(Collected data)
☆ ☆ ☆ ☆ ☆
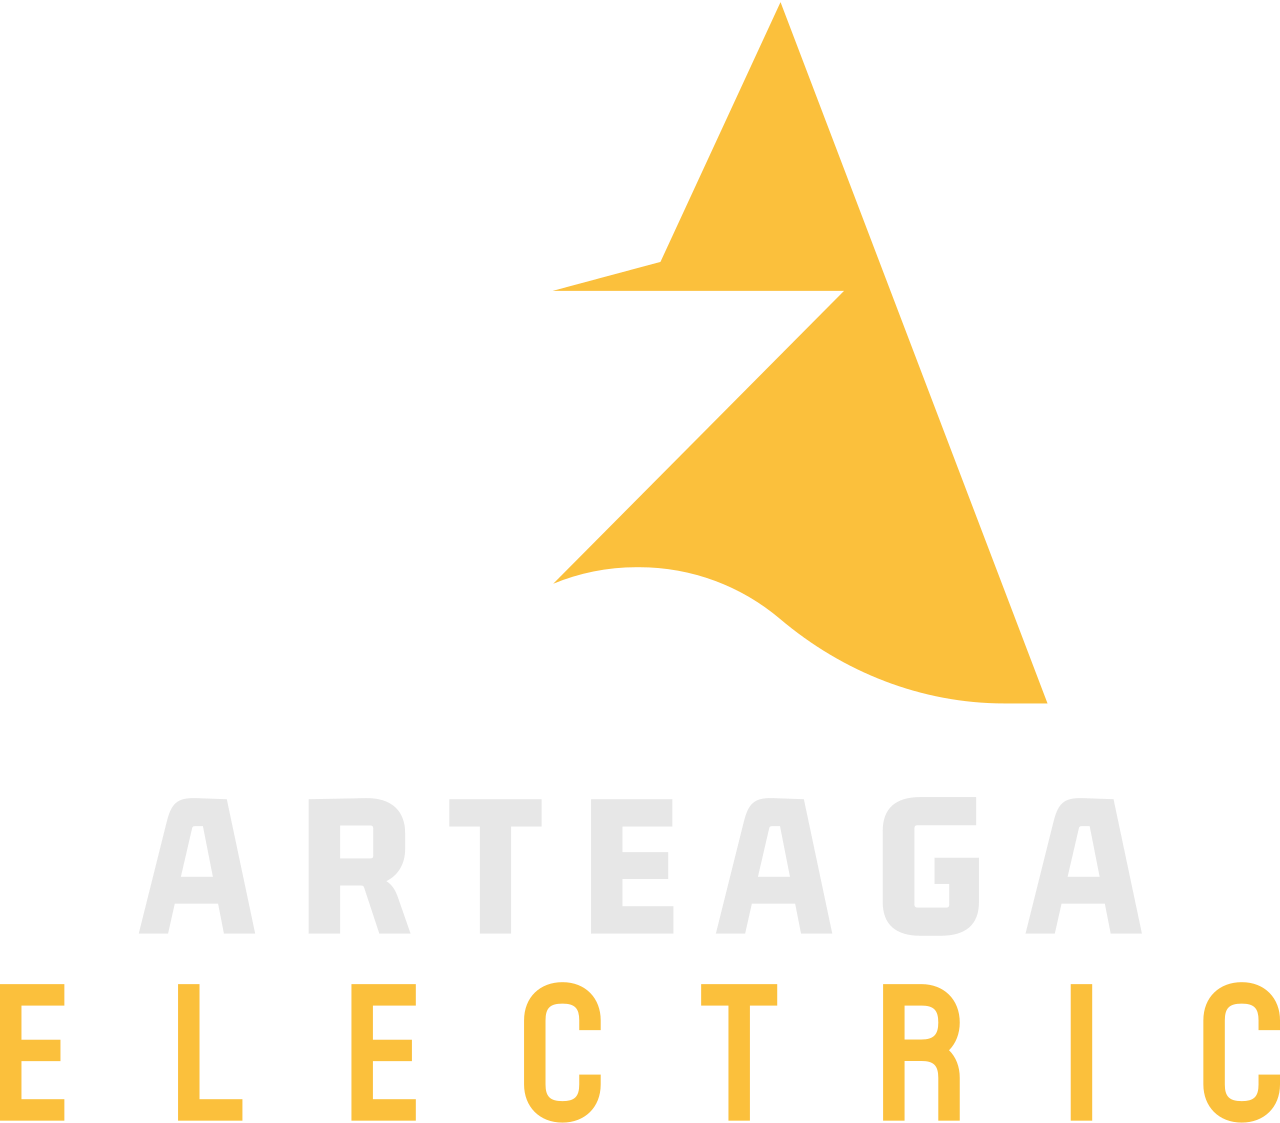 Arteaga's logo
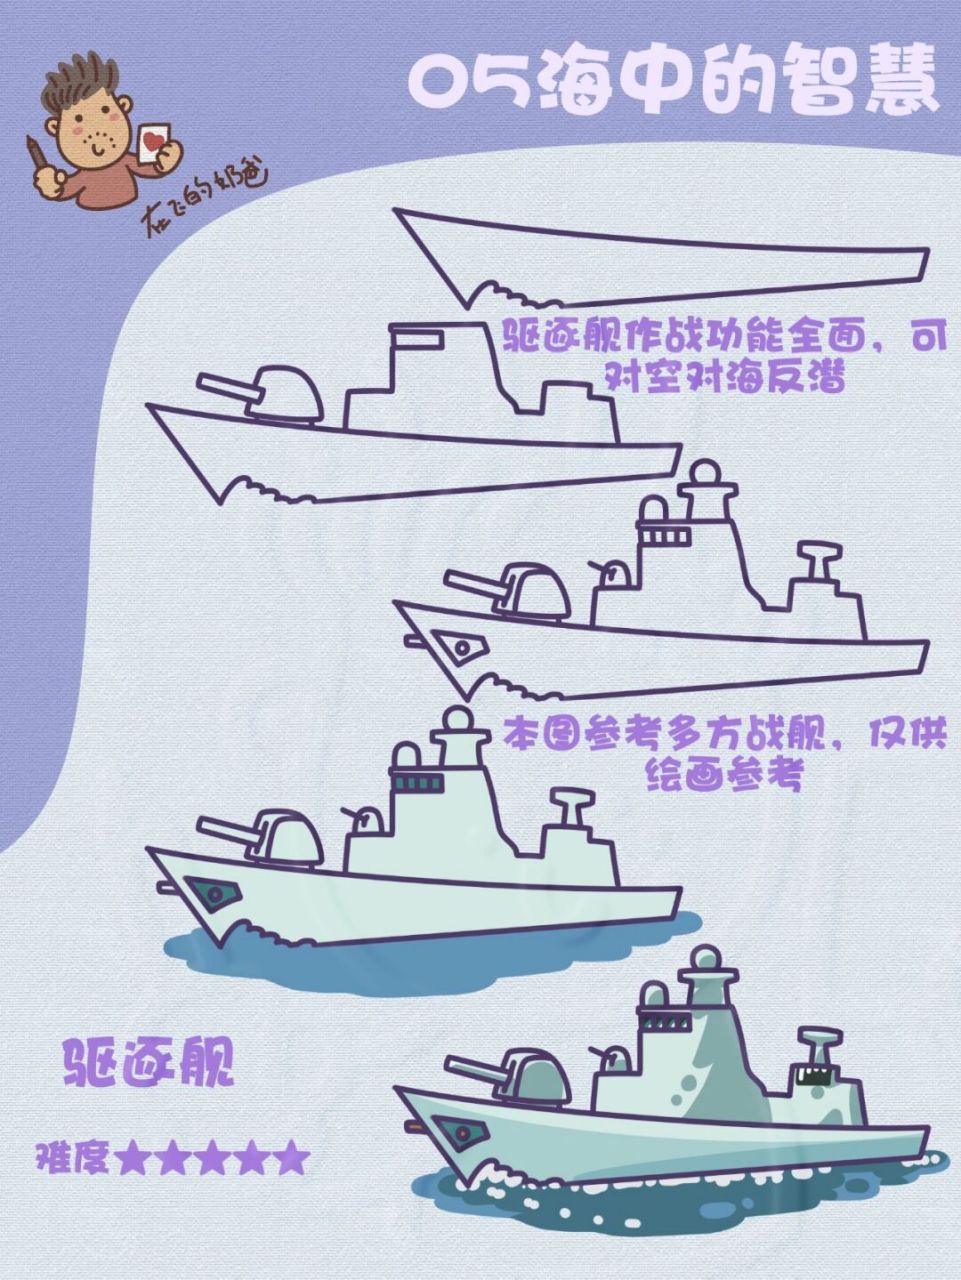 驱逐舰简笔画中国图片
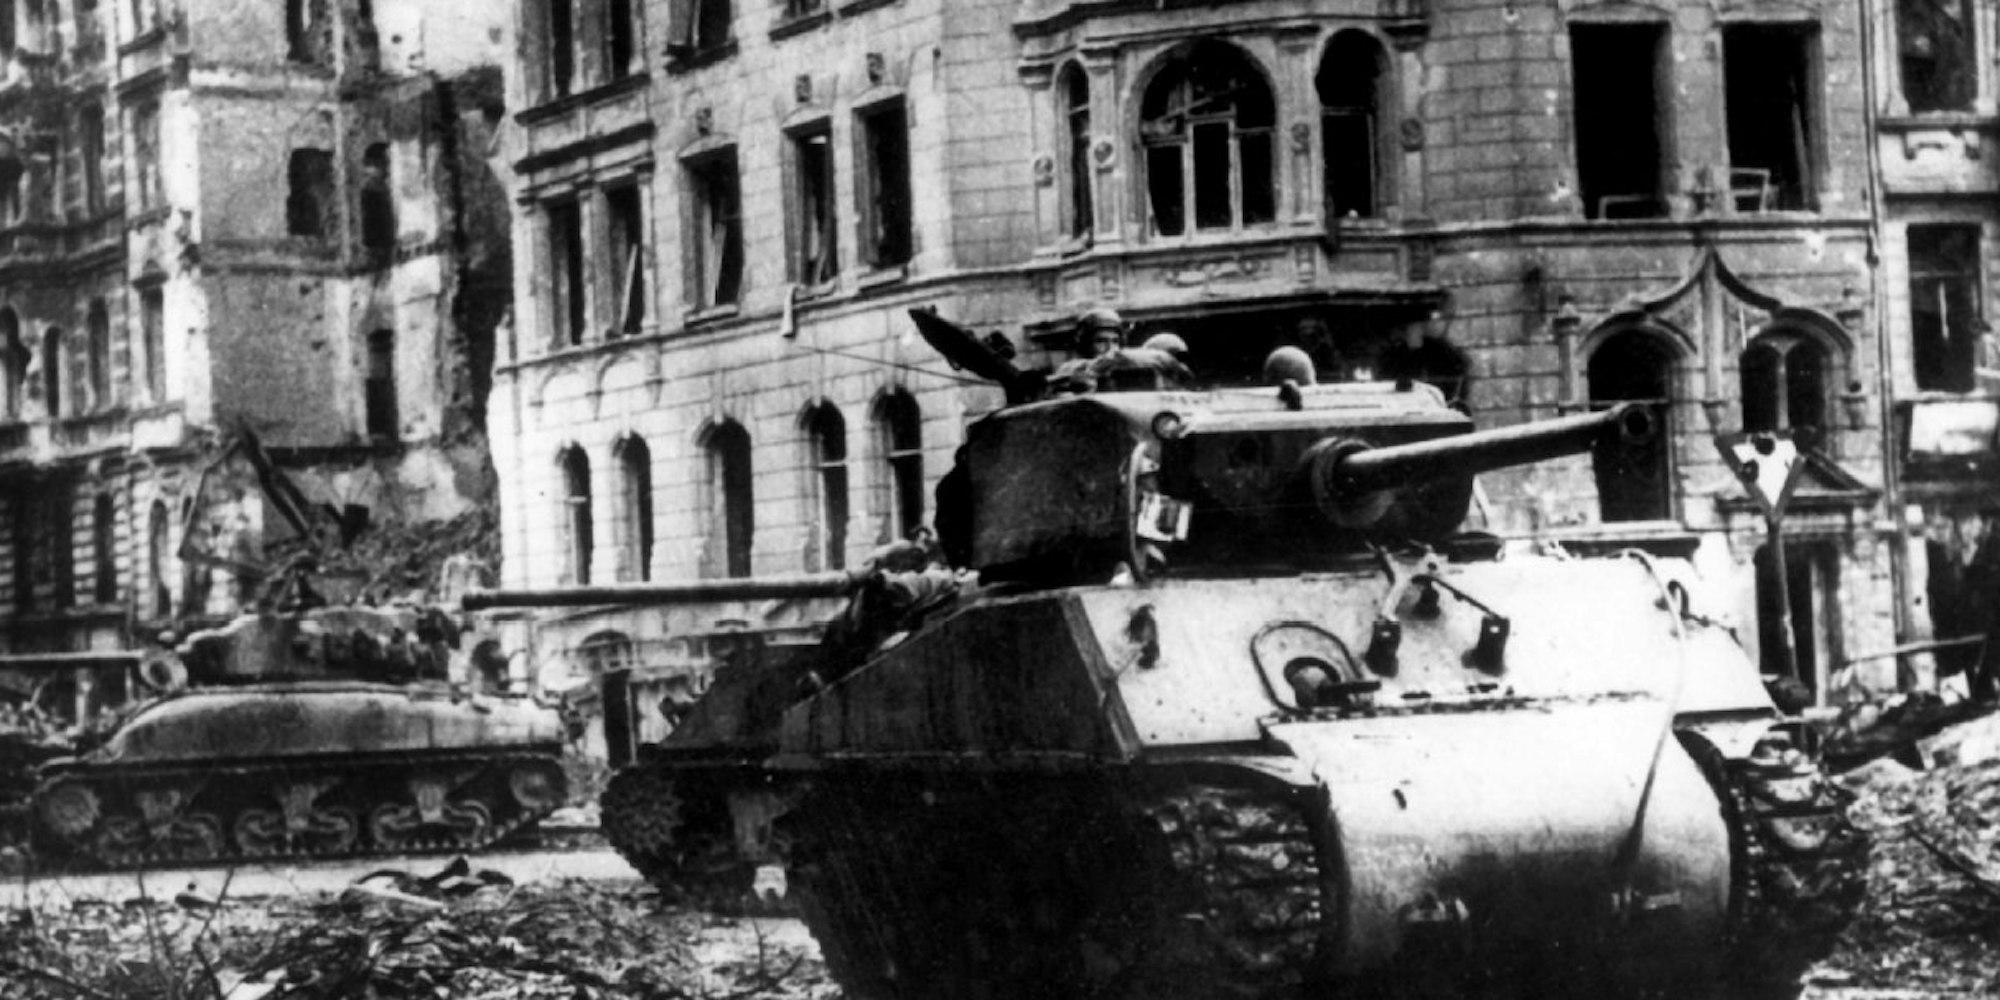 Amerikanische Truppen marschieren am 06.03.1945 in die Domstadt Köln ein.
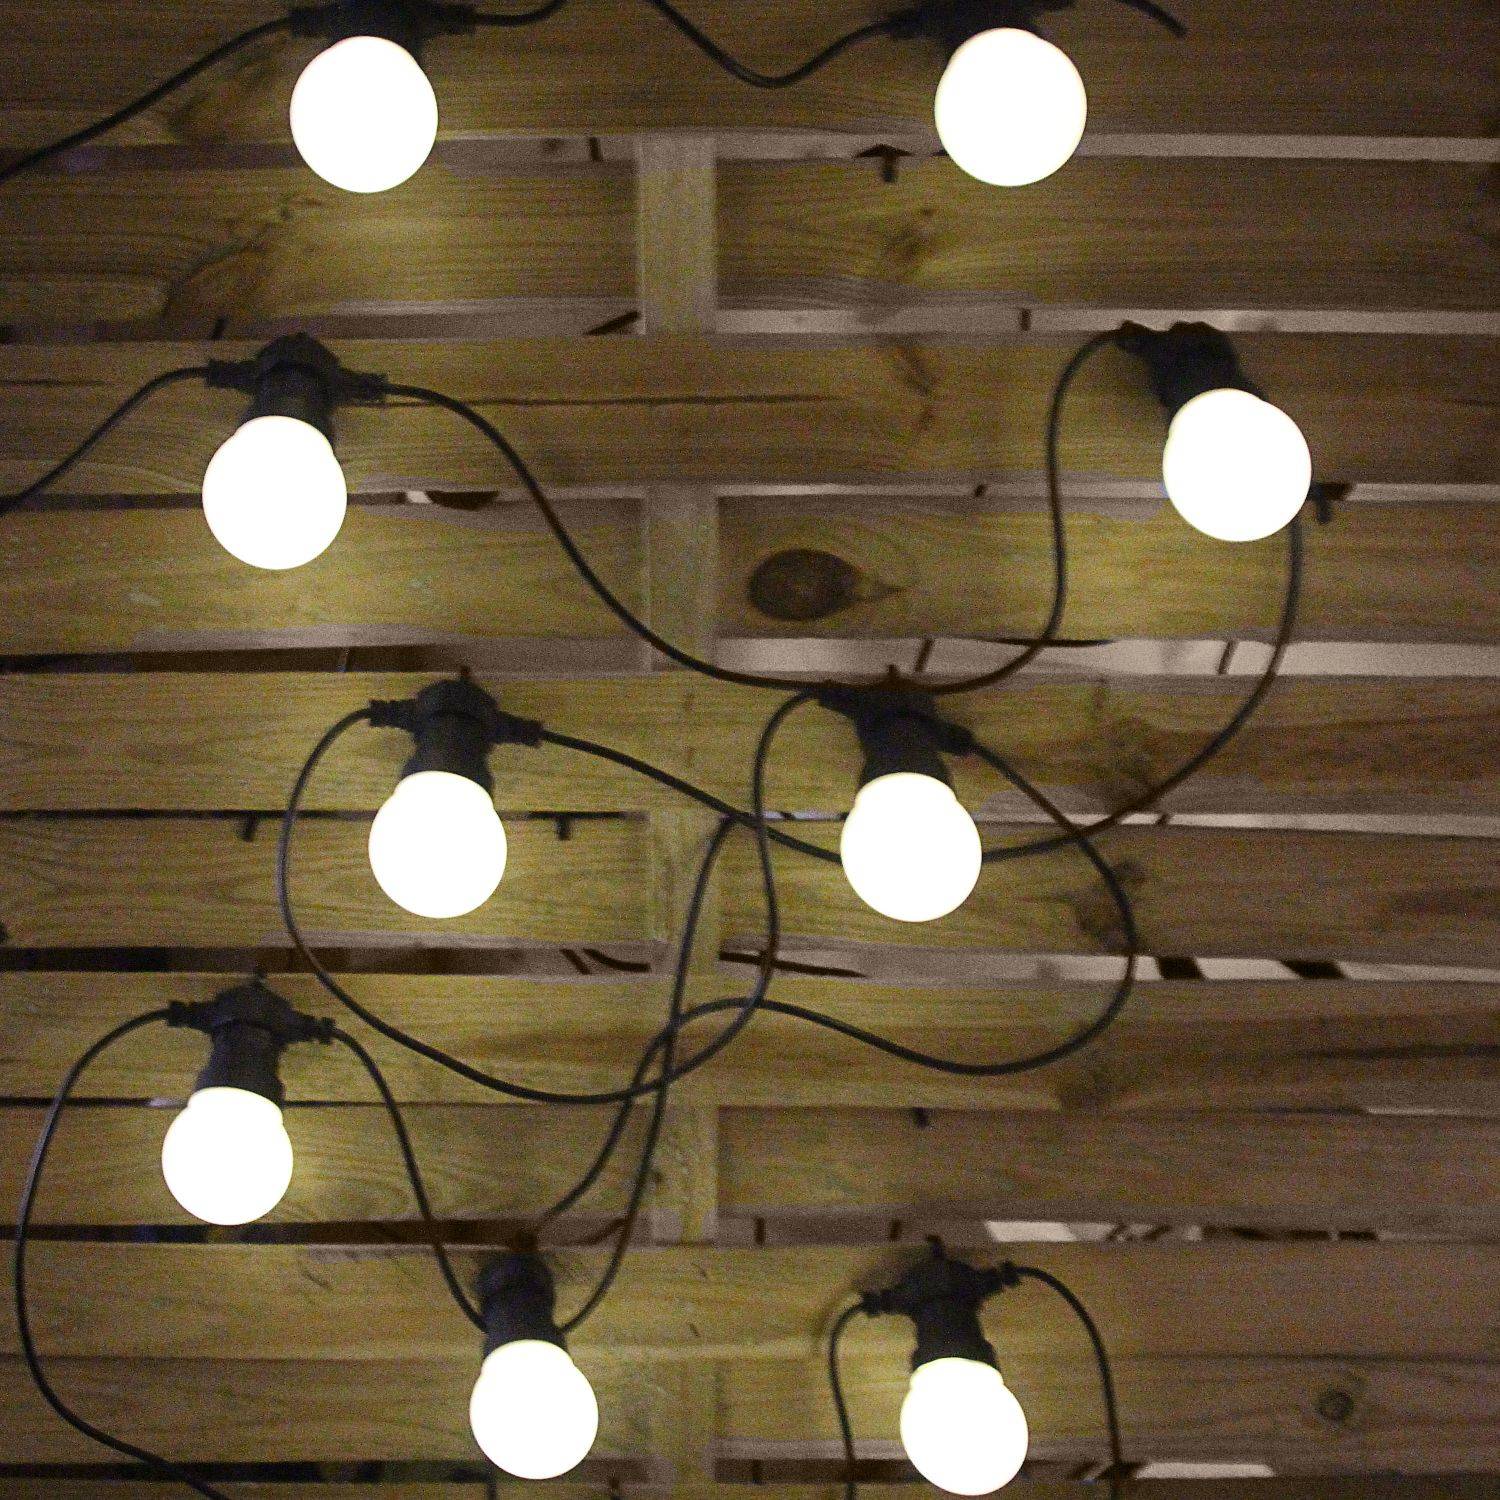 HERACLES - Luz ao ar livre com 10 lâmpadas, 50 LEDs braco, funcionamento a pilhas, função temporizador, 8 modos, 4,5 m de comprimento Photo1
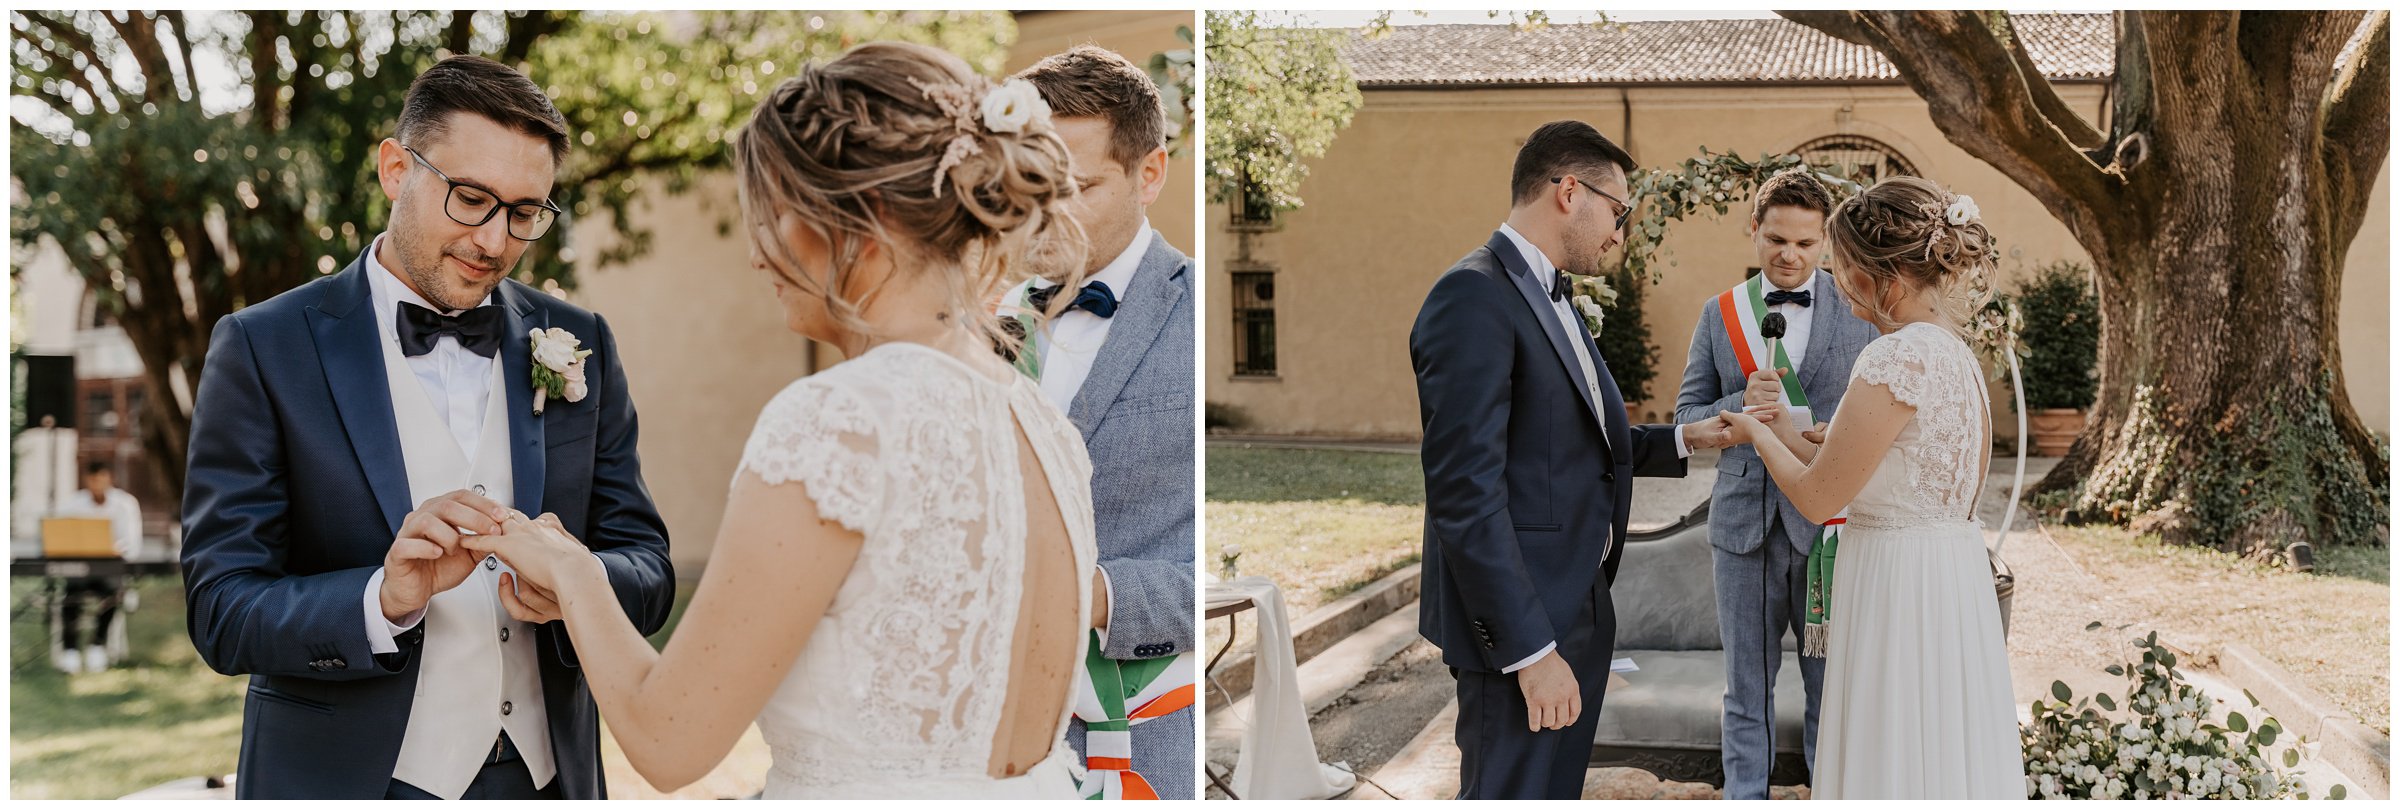 Matrimonio-villa-foscarini-cornaro-fotografo-matrimonio-treviso-fotografo-matrimonio-venezia-30.jpg
☆ ☆ ☆ ☆ ☆
● **Instructions to follow**: Only the pictures stay out; the rest of the entries above must be written out exactly.

● **Result for this task**:
 Arteaga's logo
 驱逐舰简笔画中国图片
 Amerikanische Truppen marschieren am 06.03.1945 in die Domstadt Köln ein.
 HERACLES - Luz ao ar livre com 10 lâmpadas, 50 LEDs braco, funcionamento a pilhas, função temporizador, 8 modos, 4,5 m de comprimento Photo1
 Matrimonio-villa-foscarini-cornaro-fotografo-matrimonio-treviso-fotografo-matrimonio-venezia-30.jpg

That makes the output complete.